Industries Helping Hands

Industries Helping Hands offers courses bridging the skill gap in the EV and IT sector

Industries Helping Hands

Three engineers by profession decided they wanted to bring a change to the teaching patterns in the field. The courses and materials taught in most engineering colleges are dated and do not include most of the new developments and changes that have been brought about in the industry.

Ashish Kaduskar, co-founder and Chief Product Officer, told Entrackr, “The current courses and material for engineering are quite outdated but are still being ardently taught in colleges. Once students step into the actual industry while working, they are left in the dark.”

Industries Helping Hands offers “hands-on industry-oriented training” through courses that help people advance their engineering skills in order to meet the expectations of the industry and company they are entering.

Industries Helping Hands

Currently bootstrapped, the startup creates the courses and content in house focusing on the IT and EV sector. These courses are compiled into a total of 9 modules and are taught across 6 months.

Nishant Dhote, Bhavesh Patil, and Ashish Kaduskar joined hands in the year 2019 to set up Industries Helping Hands. The Chhattisgarh-based company explores the Job-tech & Ed-tech sectors by providing placement oriented upskilling courses to students and working professionals.

With the goal of addressing structural unemployment and the skill gap, the company works to place people from Tier II and Tier III cities in technology jobs in the e-mobility and IT sectors.

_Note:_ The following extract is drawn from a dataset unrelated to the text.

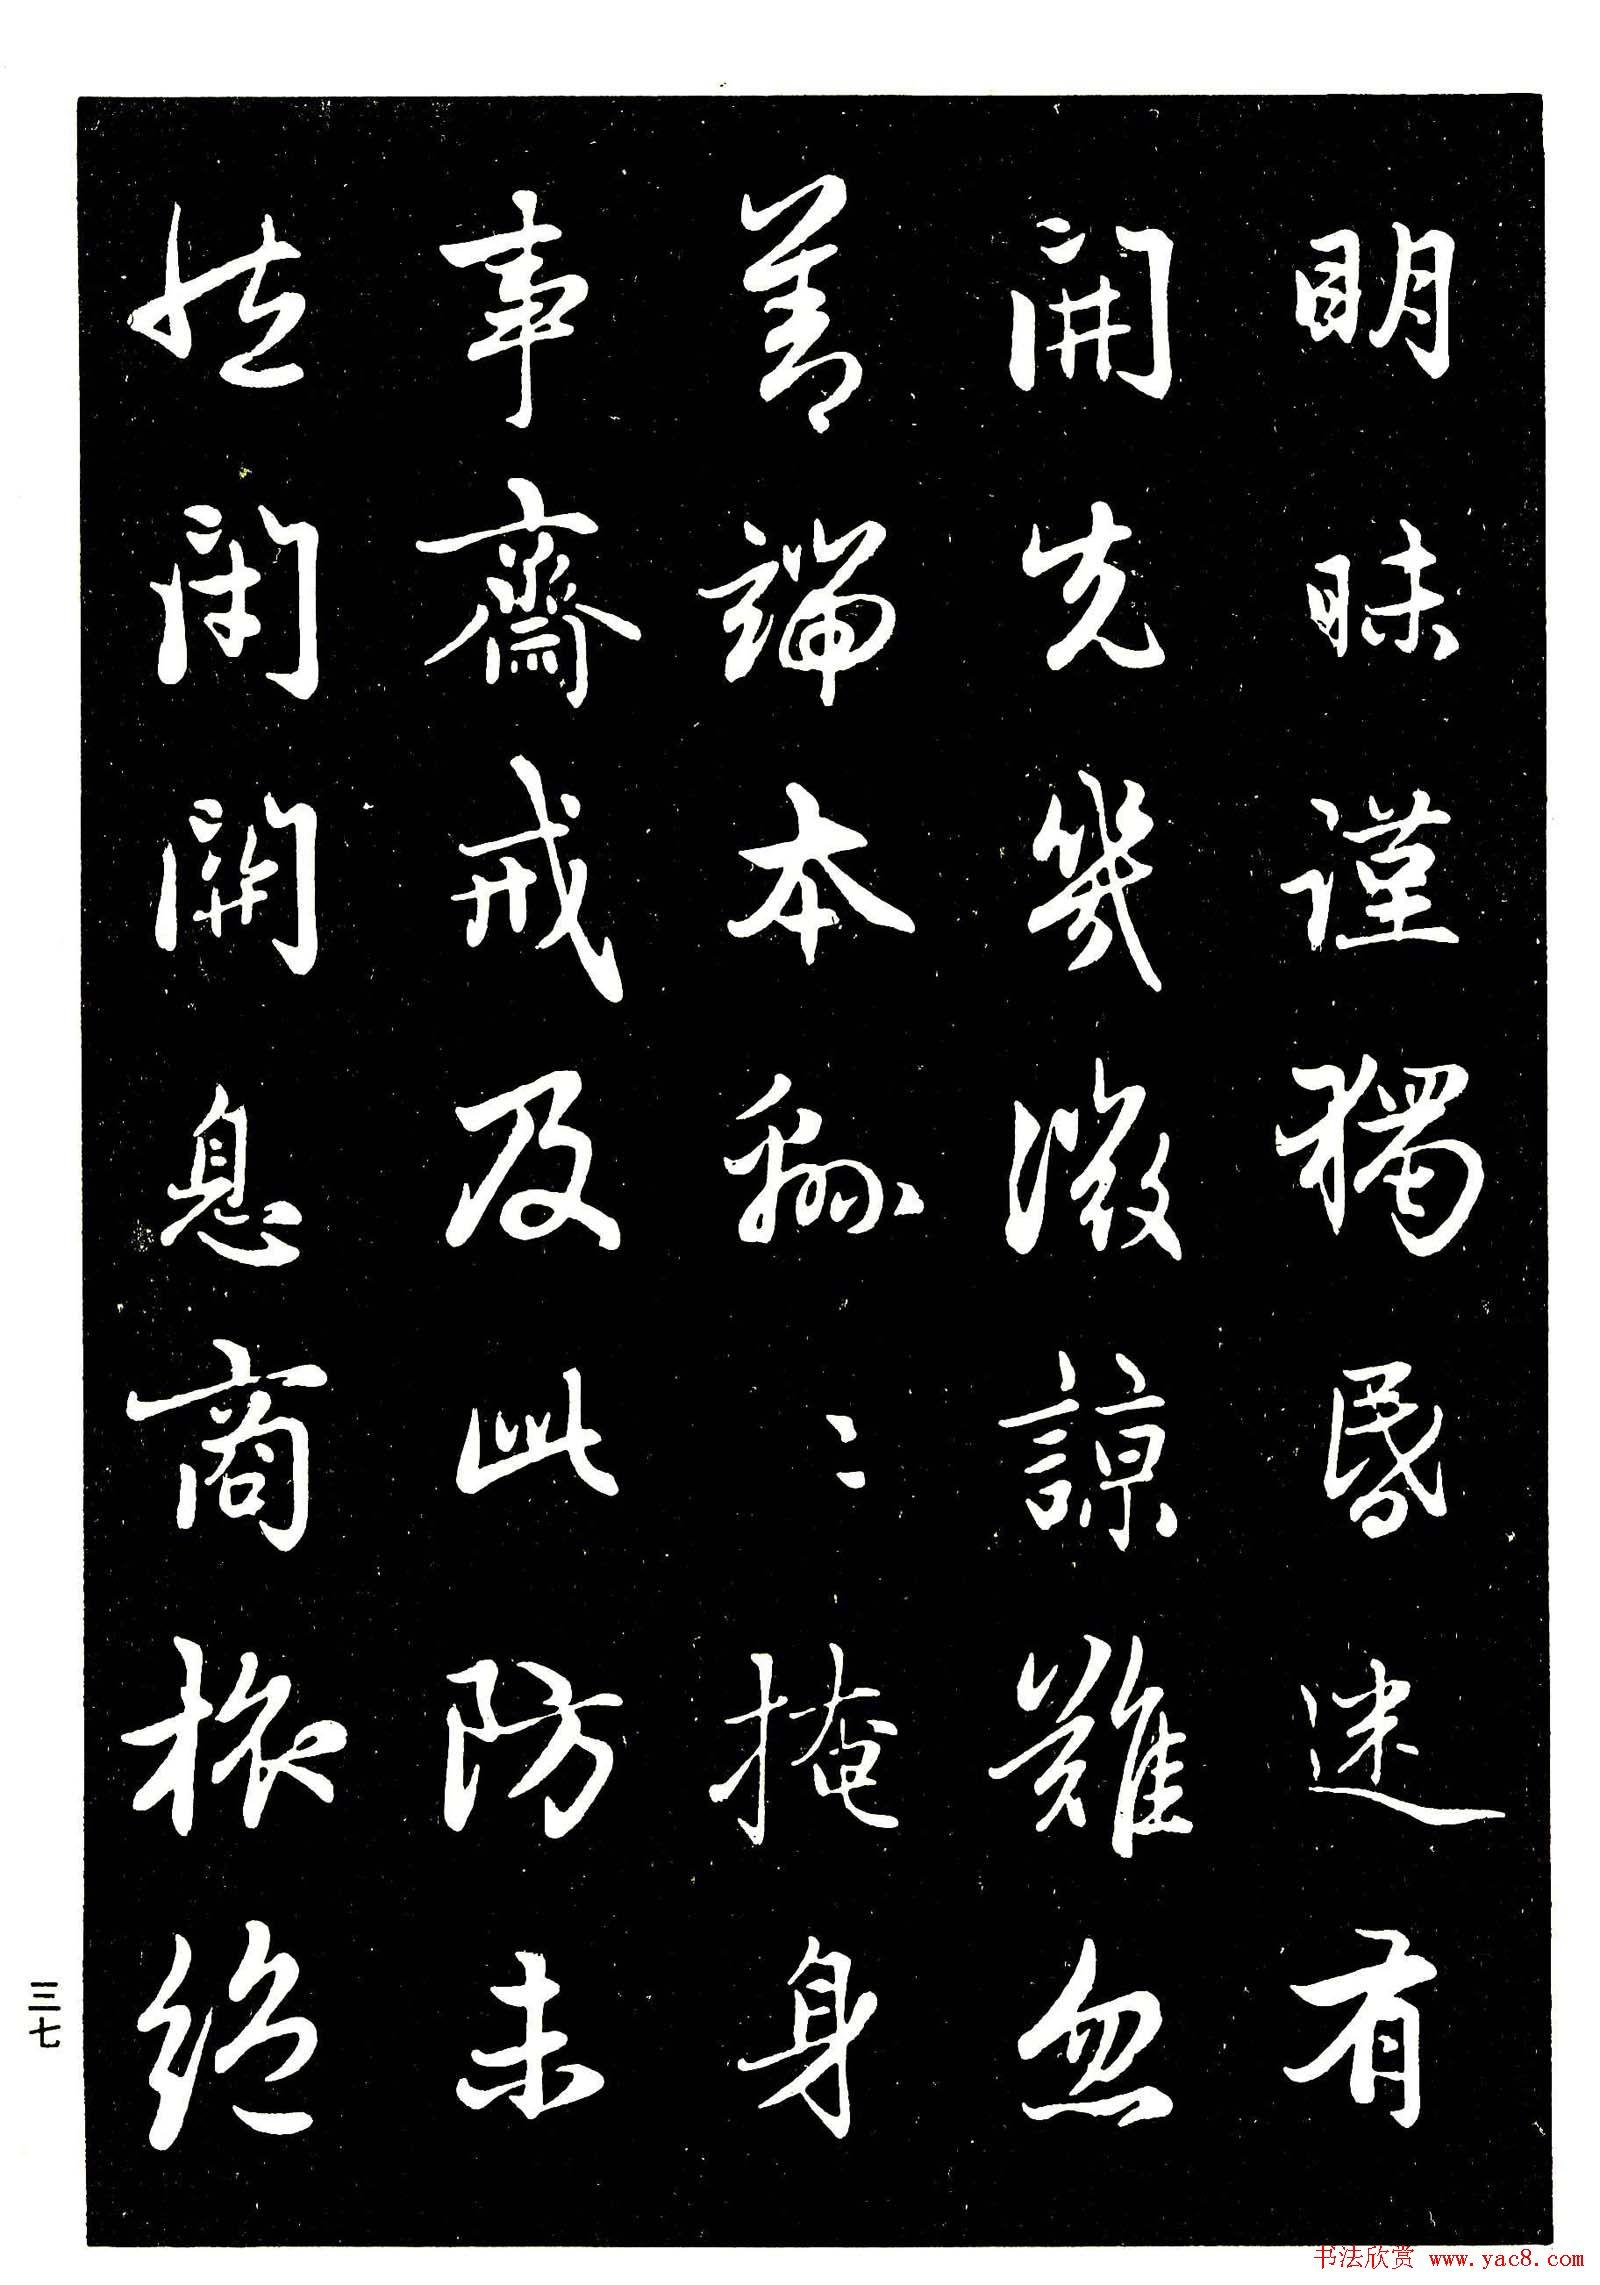 高清晰字帖毛笔v字帖《赵孟视频行书》(13)字帖补蛇图片

Along with the in-house material curated by the founders, an additional program is built for the EV course in order to enable the students to practice their skill. The program essentially creates a real-life setting online and allows the individuals to design and build models of electric vehicles right from the motors to the shape of the vehicle.

Dhote emphasized on the need of ‘field necessary knowledge’ for students who are yet to step into the field and for professionals who are looking to step into a new sector. “The program helps students to think not only theoretically but also practically. Some designs and models might work in theory but will not withstand the environmental changes,” he explained.

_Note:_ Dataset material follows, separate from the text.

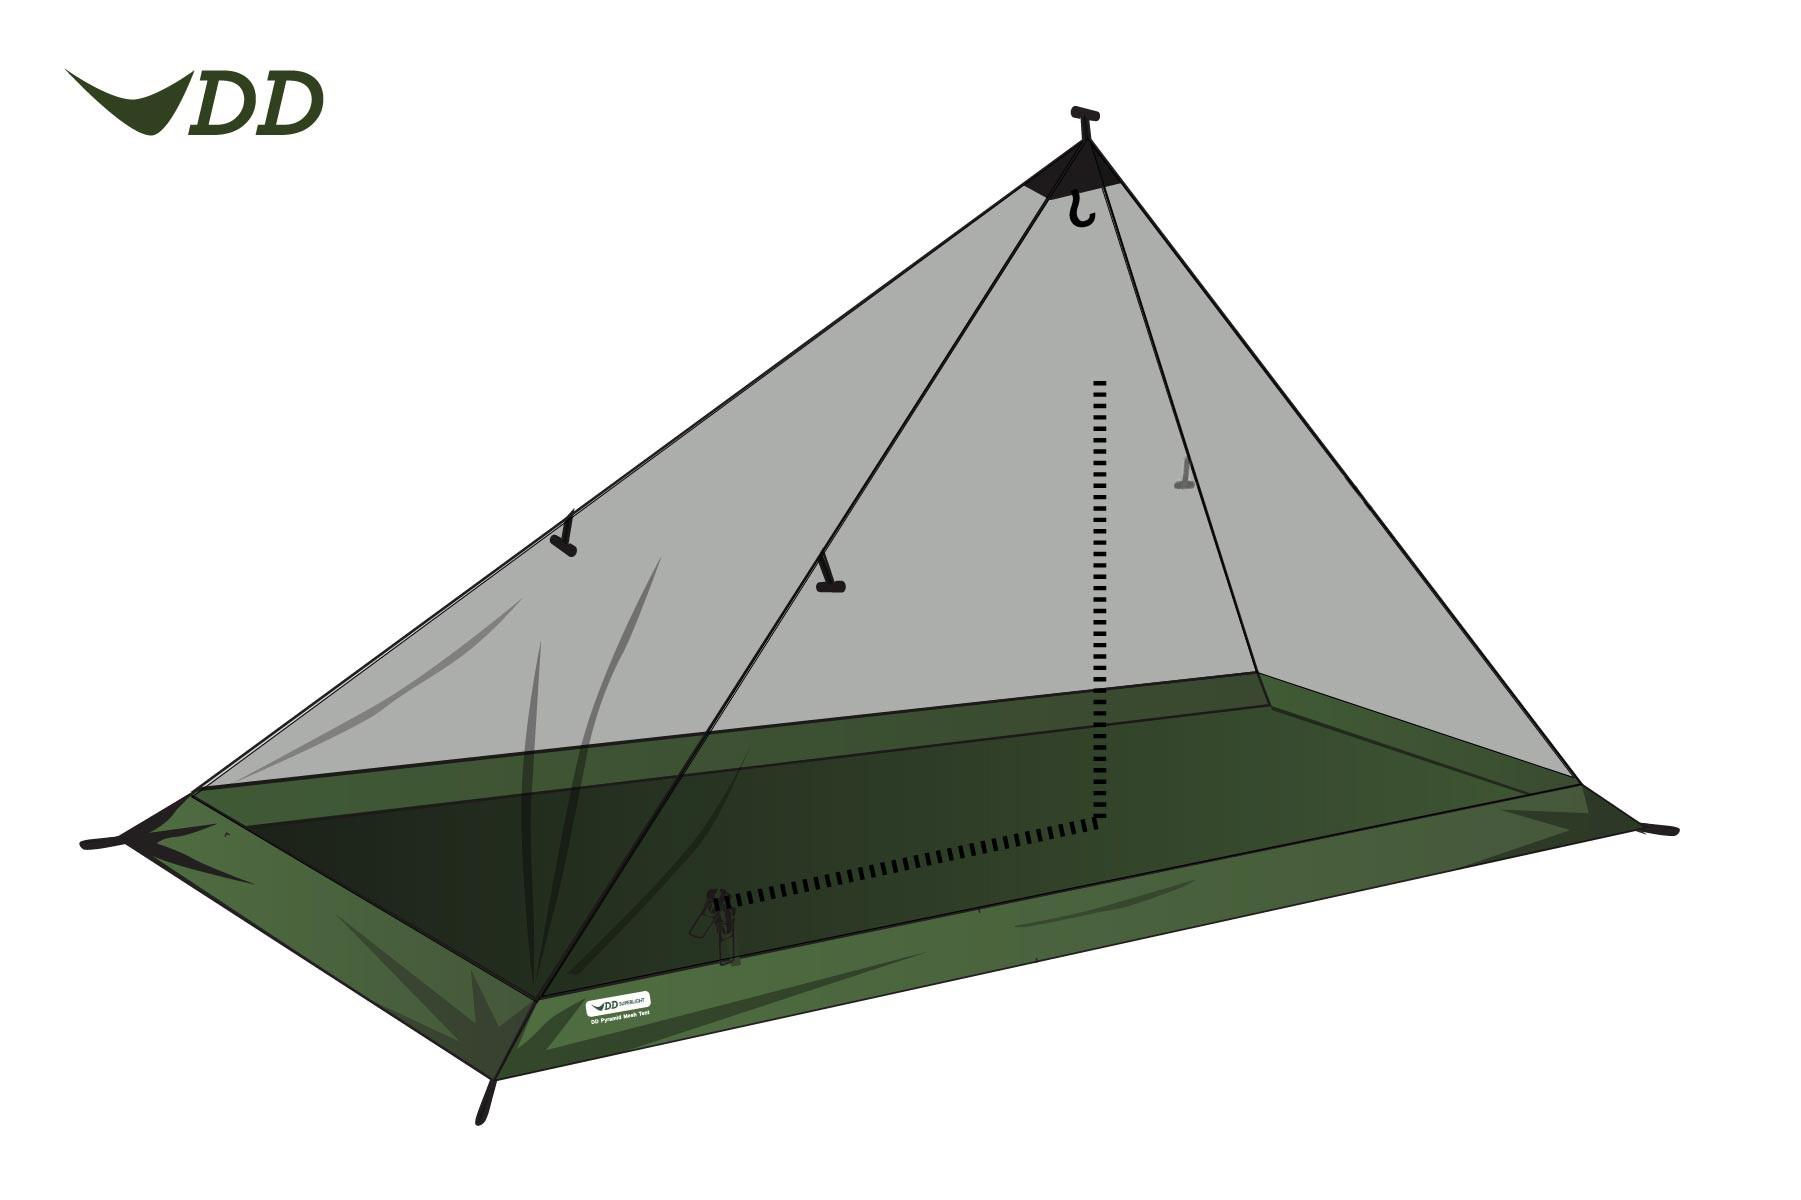 DD Hammocks Superlight Solo Mesh Tent

The two courses that are currently available on the platform are Sustainable E-mobility (Electric Vehicle design & development) and IT courses. Working in an online model, live classes are provided for the students. The company plans on shifting into a hybrid model and relocating to Bangalore once it has raised its seed round.

With currently 15,000 enrollments pan India, the company is connected with more than 100 companies and over 120 colleges in the country. Workshops are conducted in these colleges in order to give students an outline of the offerings.

Industries Helping Hands offers a fee payment that is broken down into two parts- the first 25% of the fee is to be paid upfront while the enrollments are done and the rest 75% is to be paid only after the student has been placed in a company. Explaining this breakdown, Swati, Chief Business Officer said, “Most of our enrollments are done from Tier II and Tier III cities; they are not in a position to make a one-time payment.”

The company is up against Skill Lync, DIY Guru, and Cloud Campus for the EV course and competes against Scaler, Newton School, and Masai for ISA.

In a report titled “Investing for Impact: Education, Skills, and EdTech“, the Indian education and skills market is expected to reach a whopping $313 billion market by 2030.